Yürüyemeyen Sampras Nasıl Şampiyon Oldu?

 

 Pete Sampras, Wimbledon ikinci turunda Karol Kucera ile ilk iki seti paylaştıktan sonra üçüncü sette 5-2 öndeydi. Efsane, arka bahçesinde sıradan bir galibiyete doğru gidiyordu. Zaten aksi beklenebilir miydi? Öyle ya son yedi yılın altısında ananaslı kupayı müzesine götürmüştü Birleşik Amerikalı. Ancak tam da bu anda hiç hesapta olmayan bir şey yaşandı. Uzun bir sağlık molası kullandı Sampras. Maçı sürprize izin vermeden kazandı ama karşılaşma sonrası soluğu doktorunun yanında aldı.

 Yürümekte bile güçlük çeken efsaneye acı haber "Dizini daha fazla hırpalamamalısın." sözleriyle veriliyordu. Fakat o turnuvaya Roy Emerson'ın 12 Grand Slamlik rekorunu kırma parolasıyla gelen Sampras için çekilmek gibi bir ihtimal söz konusu değildi. Formül hemen bulundu. Pistol Pete'e her maç öncesi ağrı kesici iğne vurulması kararlaştırıldı.

 Sampras, o yıl Wimbledon'da maçlardan arta kalan zamanlarını kendi kiraladıkları evde televizyonda dizi seyrederek geçiriyordu. Ayağa yalnızca tuvalete gitmek için kalkıyordu. Finale kadar hiçbir karşılaşmaya antrenman yapmadan çıktı. Ne var ki şampiyonluk maçında kendisini o turnuvada daha önce karşılaştığı oyuncuların hiçbirine benzemeyen birisi bekliyordu.

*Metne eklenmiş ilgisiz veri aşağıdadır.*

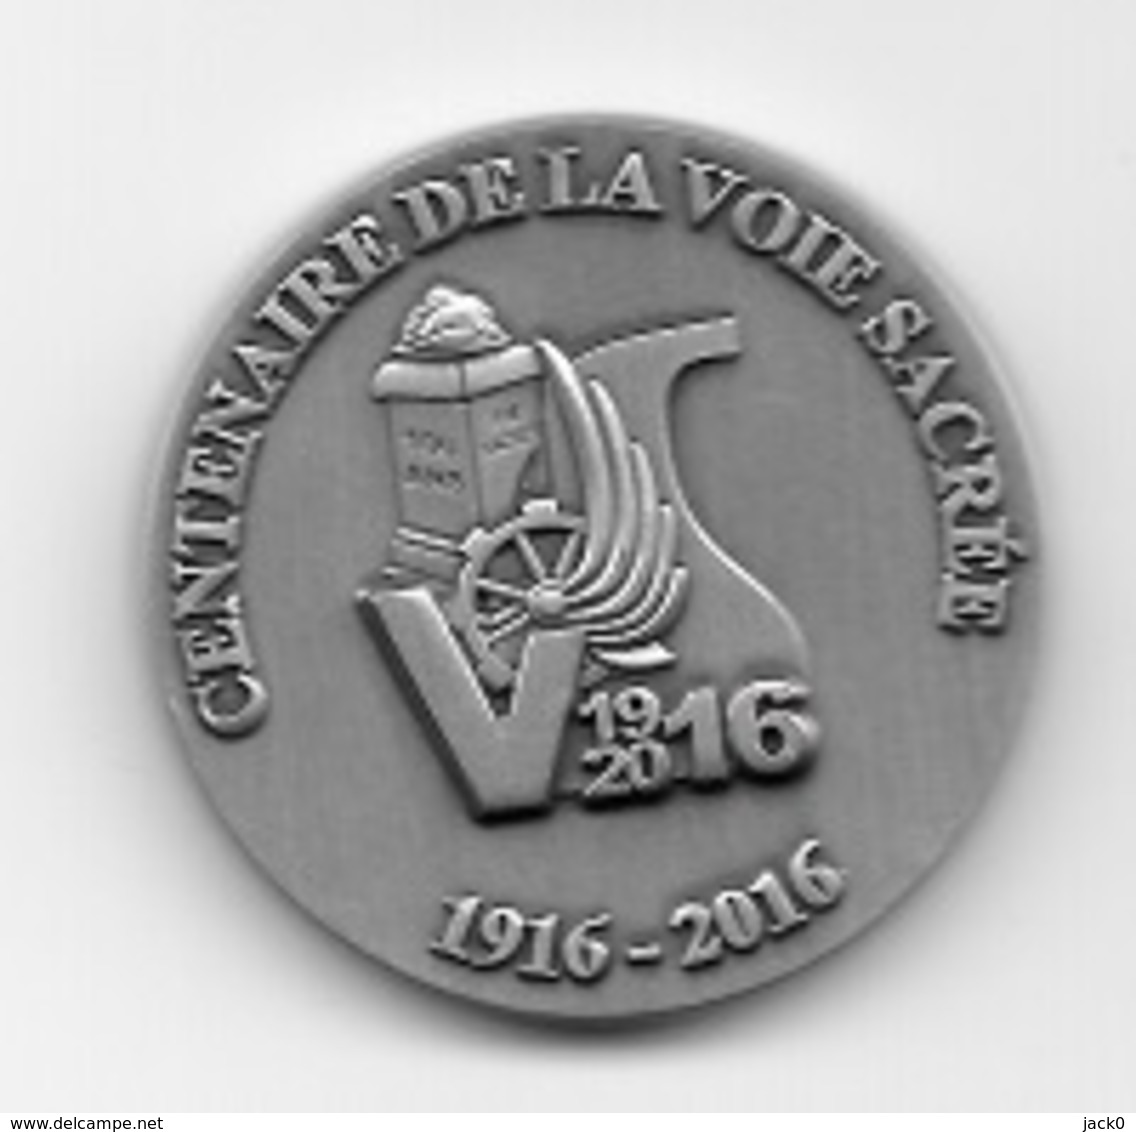 Coin  Militaire  Ville, CENTENAIRE  DE  LA  VOIE  SACREE  1916 - 2016  Verso  ARMÉE  DU  TRAIN, VERDUN  ( 55 ) - France
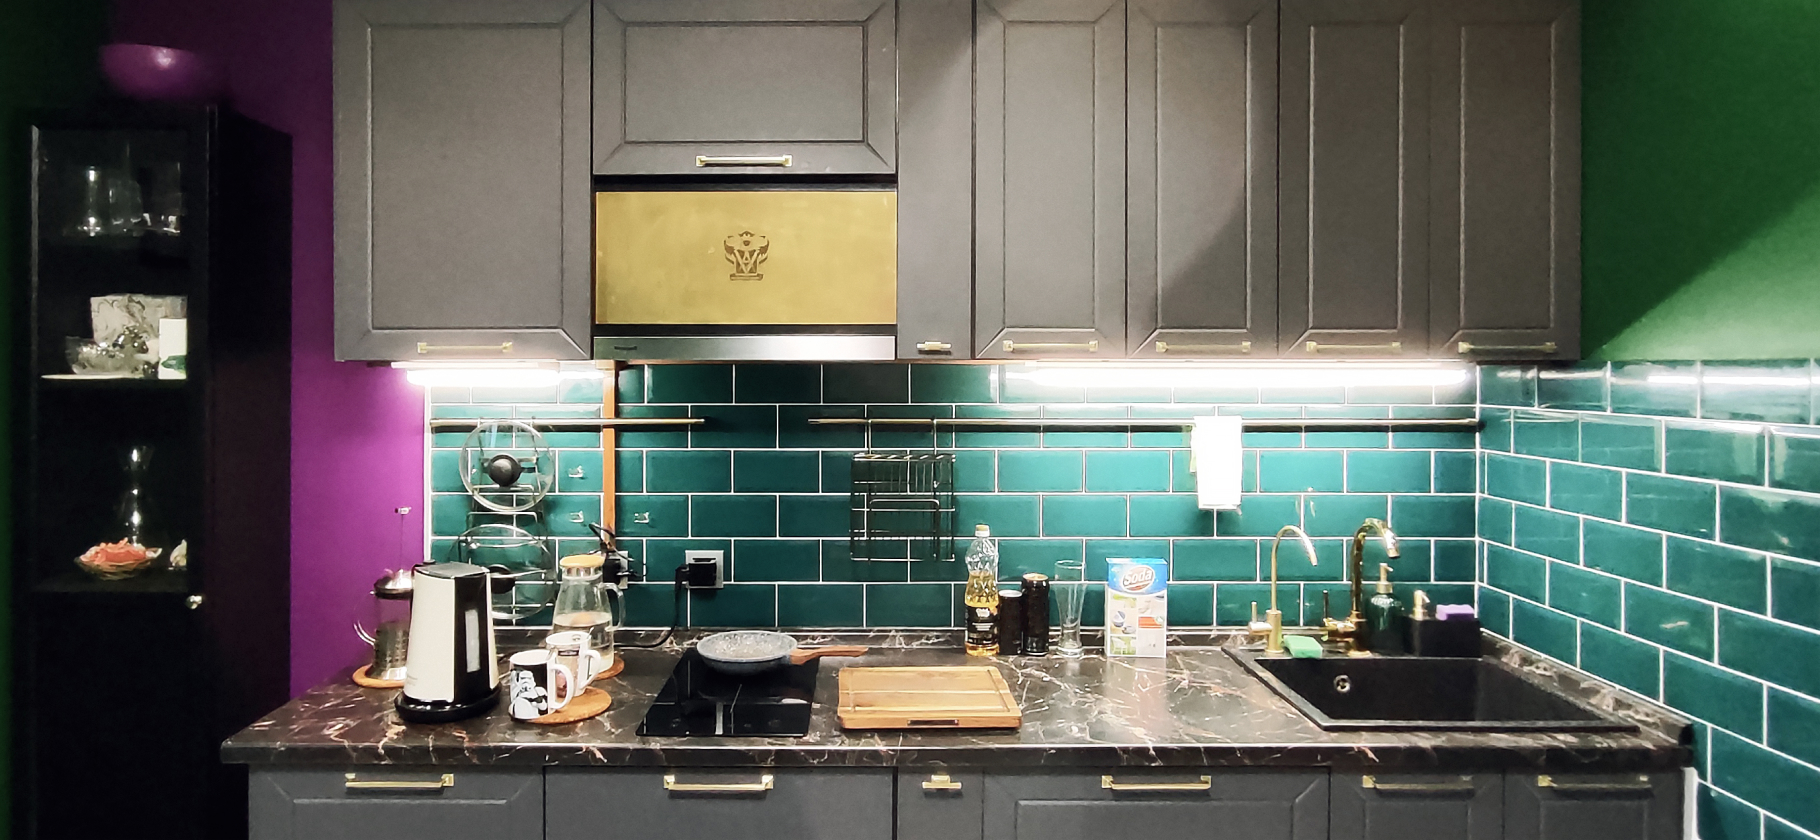 «Утром яркие цвета бодрят»: как я сделал кухню в стиле английской гостиной

 1998 ve 1999'un Amerika Açık şampiyonu Patrick Rafter, dönemin geçer akçesi olan servis-vole stilini en iyi uygulayan raketlerden biriydi. Hatta file önünde Sampras'tan daha iyi dokunuşlara sahip olduğunu söylemek yanlış olmazdı. Bunun farkında olan Sampras, dev randevudan önce "Gidip biraz topa vuracağım." diyerek korta doğru yol aldı ama nafile. 10-15 dakika sonra ağrıdan öldüğünü söylerek raketi bırakıyordu.

 Wimbledon merkez kortundaki büyük gün de Sampras için çok kötü başlıyordu. Daha üstün olduğu açılış setini tie-break'te yaptığı çift hatayla kaptırdı. İkinci setin tie-break'inde de 4-1 geriye düşen dünya 1 numarası, bir çuval inciri berbat etmek üzereyken üst üste beş puan alıp set puanını yakaladıktan sonra müthiş bir duygu patlaması yaşıyor ve mücadeleye dengeyi getiriyordu.

 Maçta rakibinin servisini ilk kez 10'uncu şansında kırmayı başarabilen (Bir yerden tanıdık geldi mi?) Sampras, daha sonrasında arkasına bakmıyor ve yerel saatle 20.57'de tarihin en büyük oyuncusu olarak kayıtlara geçiyordu. Şampiyonluk puanının ardındansa kendisini bekleyen büyük bir sürprizle karşılaşacaktı 13 Grand Slam şampiyonu.

 Türkiye ve dünyadaki pek çok tenisçi ebeveyninin aksine kendini öne çıkarmaktan zinhar hoşlanmayan ve bu yüzden de o güne kadar oğullarının hiçbir maçına gelmeyen Sampras ailesi, müstakbel gelinleri Bridgette Wilson'ın daveti üzerine apar topar Londra'ya uçarken tek bir şart koşmuştu: "Pete'i asla meşgul etmeyeceğiz ve kesinlikle oyuncu locasında oturmayacağız."

 Filedeki tokalaşmadan sonra "Ailem nerede?" diye soran Sampras'a yolu gösteren kişiyse antrenörü Paul Annacone oldu. Anne ve babasıyla kucaklaştıktan sonra yedinci Wimbledon kupasını havaya kaldıran efsane, kutlama partisinden sonra soluğu 10 gün boyunca oturmaktan başka bir şey yapmadığı kiralık dairede aldı. Kravatını gevşetip ayakkabılarını da fırlatan Sampras, üstündeki smokine rağmen uzandığı koltukta bedeninden kalkan yükün verdiği dayanılmaz hafifliğinin tadını çıkarıyordu.